オバマ、AI規制をめぐる論争に異例の介入 米国は主導して立法を行い「潜在的な災害」を回避すべき

バラク・オバマ前米大統領は、人工知能(AI)の安全性に関する規範を定める連邦法の制定を支持すると表明し、管理を誤ればこの技術が「潜在的な災害」を引き起こし得ると警告した。オバマは月曜の声明で、AI政策は「公共の議論の中核となるべきだ」と述べ、ワシントンの意思決定者は「自らが率先して行動」し、関連する方策を策定する必要があると指摘した。「深刻な安全上の問題に対処し、AIが雇用や次世代に与える影響を見据え、AIによってもたらされる利益が広く共有されるようにするためだ」。

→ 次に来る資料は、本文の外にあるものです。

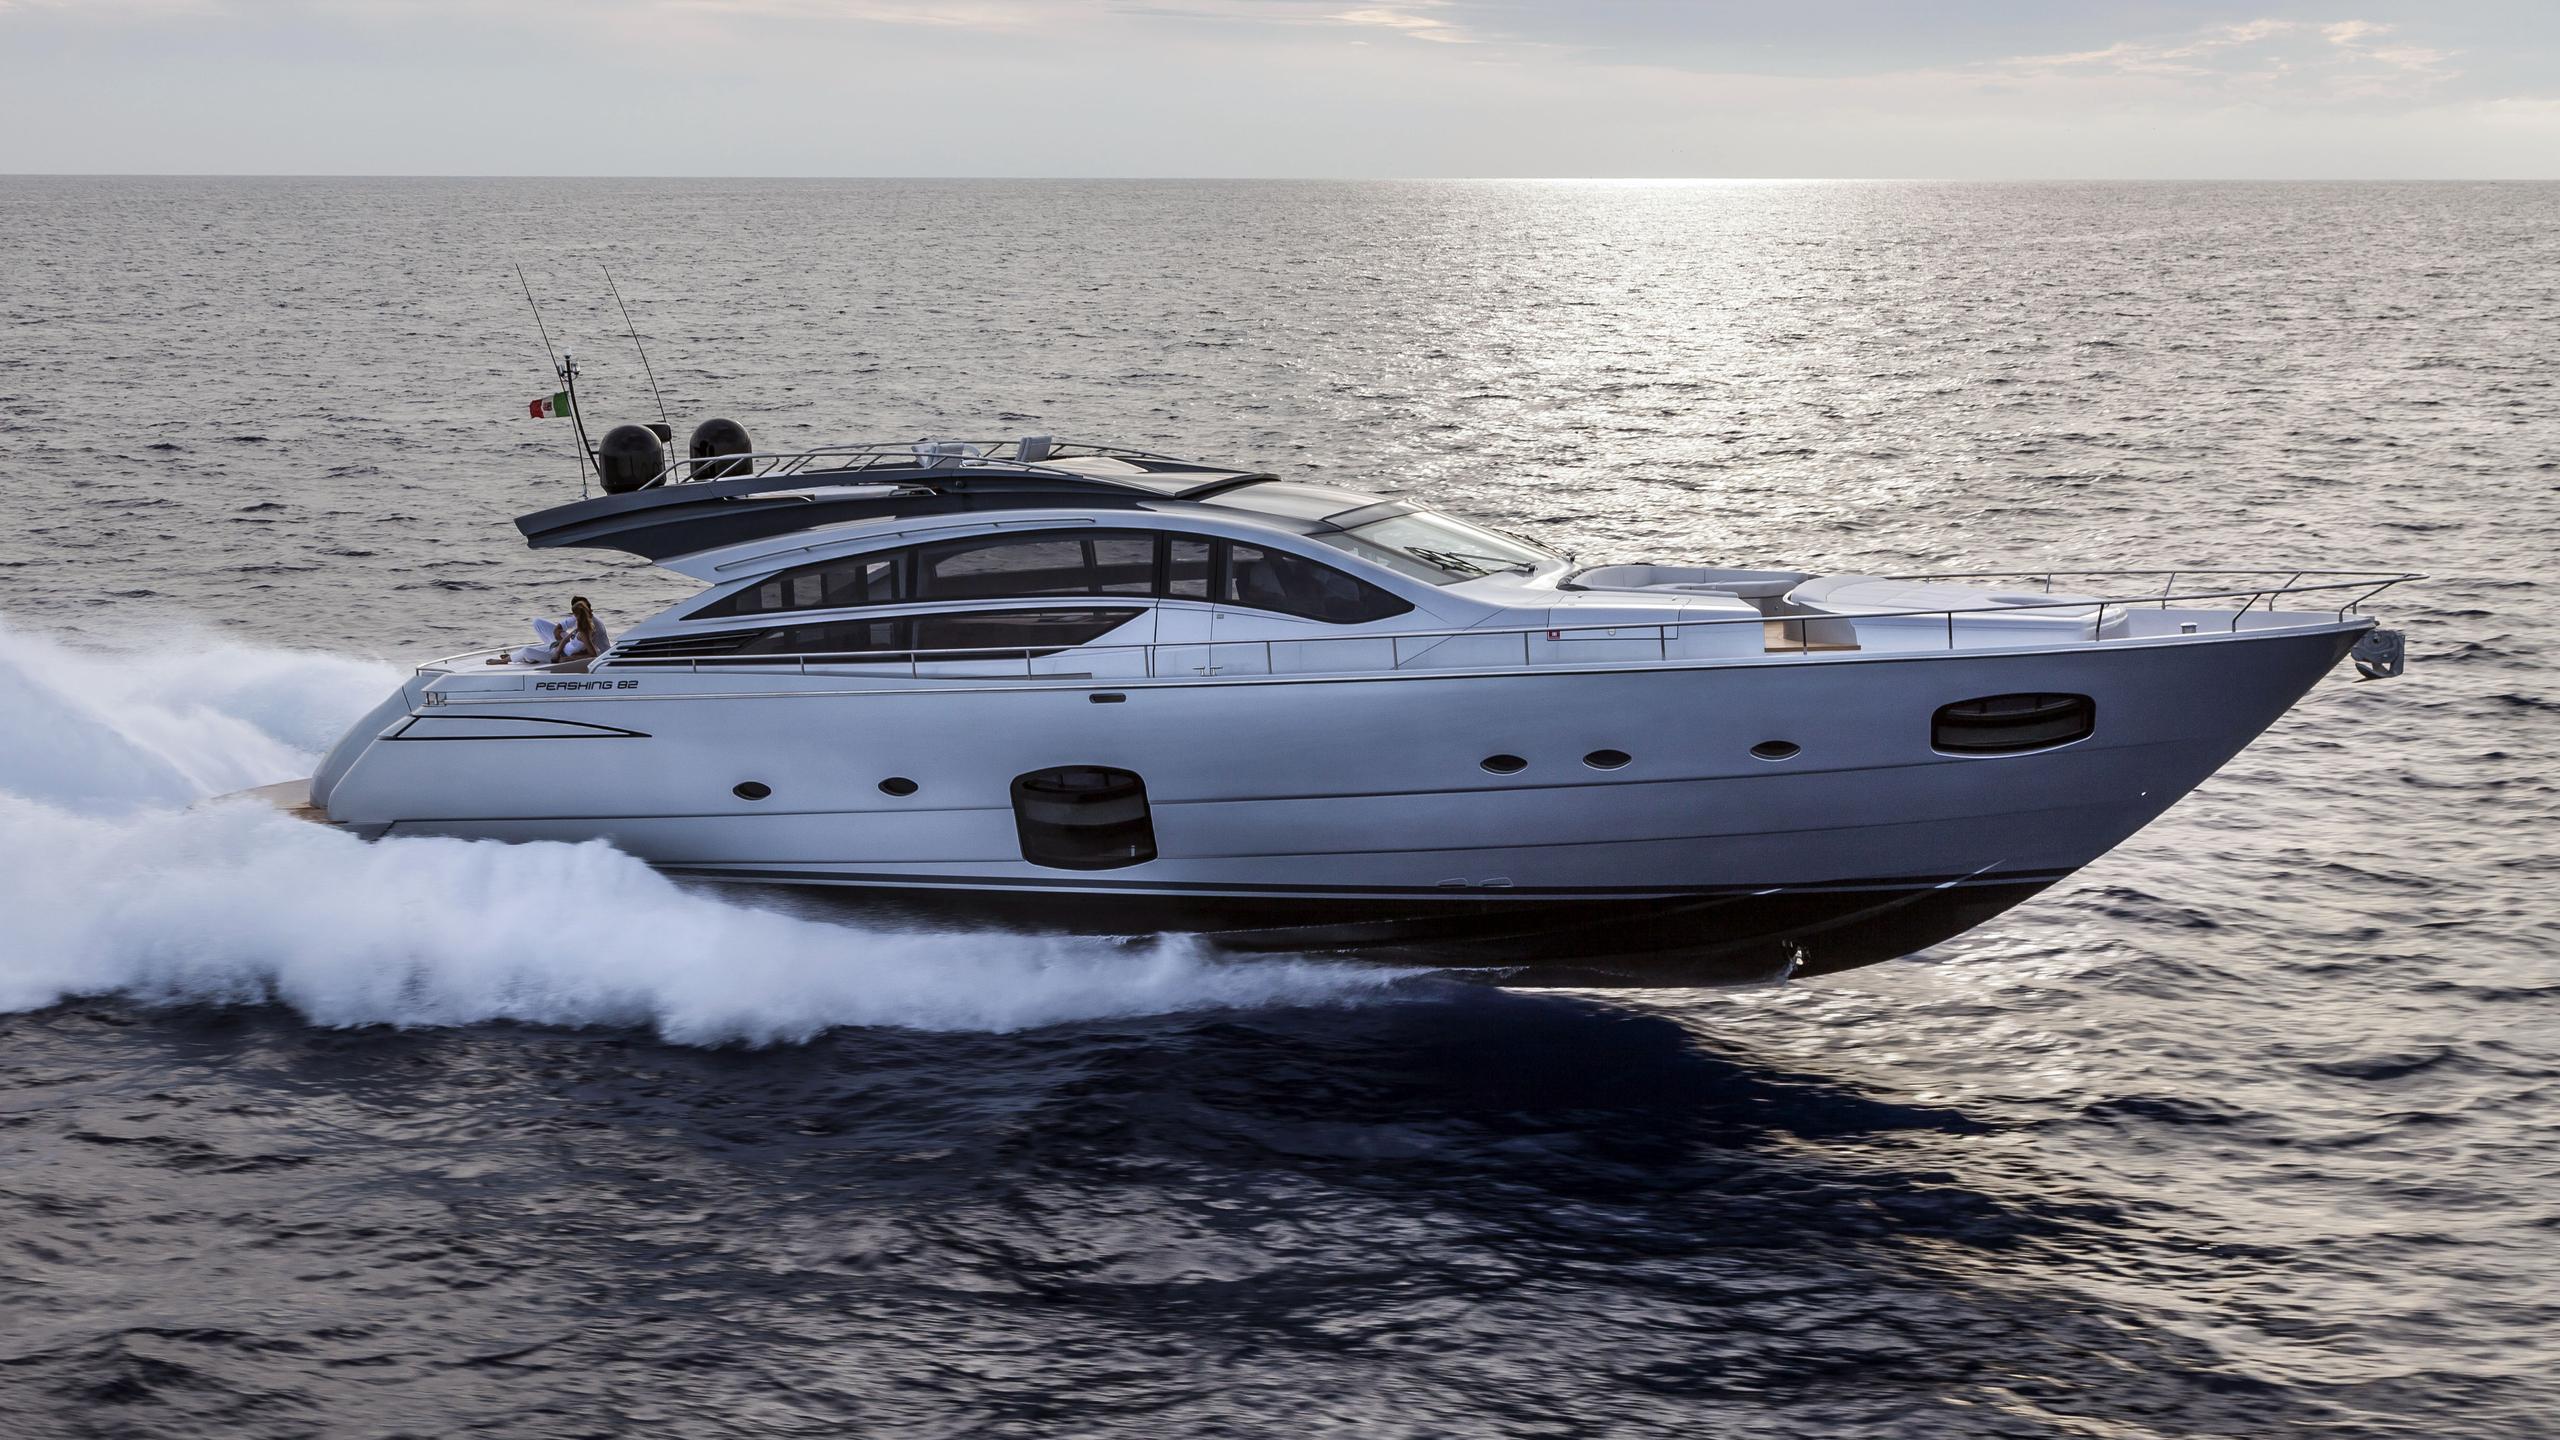 lady-first-motor-yacht-pershing-2015-25m-cruising-sistership

この前大統領は、現職のドナルド・トランプ大統領が掲げる、AI規制に対する放任的な姿勢を批判した。本人は後任者を名指ししなかったものの、「少数のテック企業が作る任意の基準だけでは不十分だ」と述べた。

今年6月にトランプが署名した行政命令は、任意の参加枠組みを構築し、AI開発者が政府に対して事前に最先端モデルを公開し、潜在的な安全リスクを評価できるようにするものだ。

オバマはこう語った。「私たちが技術を理解している以上、AIをまた箱に押し込めることはできない。しかし、放っておいてAIとその結末が私たちの頭上に降りかかるのをただ見ているのではなく、私たちがそれをどう開発し、どう使うべきかを共に決めることはできる」。

オバマが今回、異例の形で公に立場を表したのは、これまでのところAIについて述べた内容として最も踏み込んだものだ。業界のリーダーや連邦議員がこぞって最先端モデルの開発スピードを落とすよう求める中、AIは米国全体の議論の中心トピックになっている。

民主党内部に明確なリーダーが欠けているため、多くの民主党関係者は、政策や政治戦略の面でオバマの助言と指導を求めている。こうした議論に介入することで、オバマは民主党を、11月の中間選挙および2028年の大統領選挙サイクルの開始に向けて、AIの安全強化策を支持する側へと形づくろうとしている。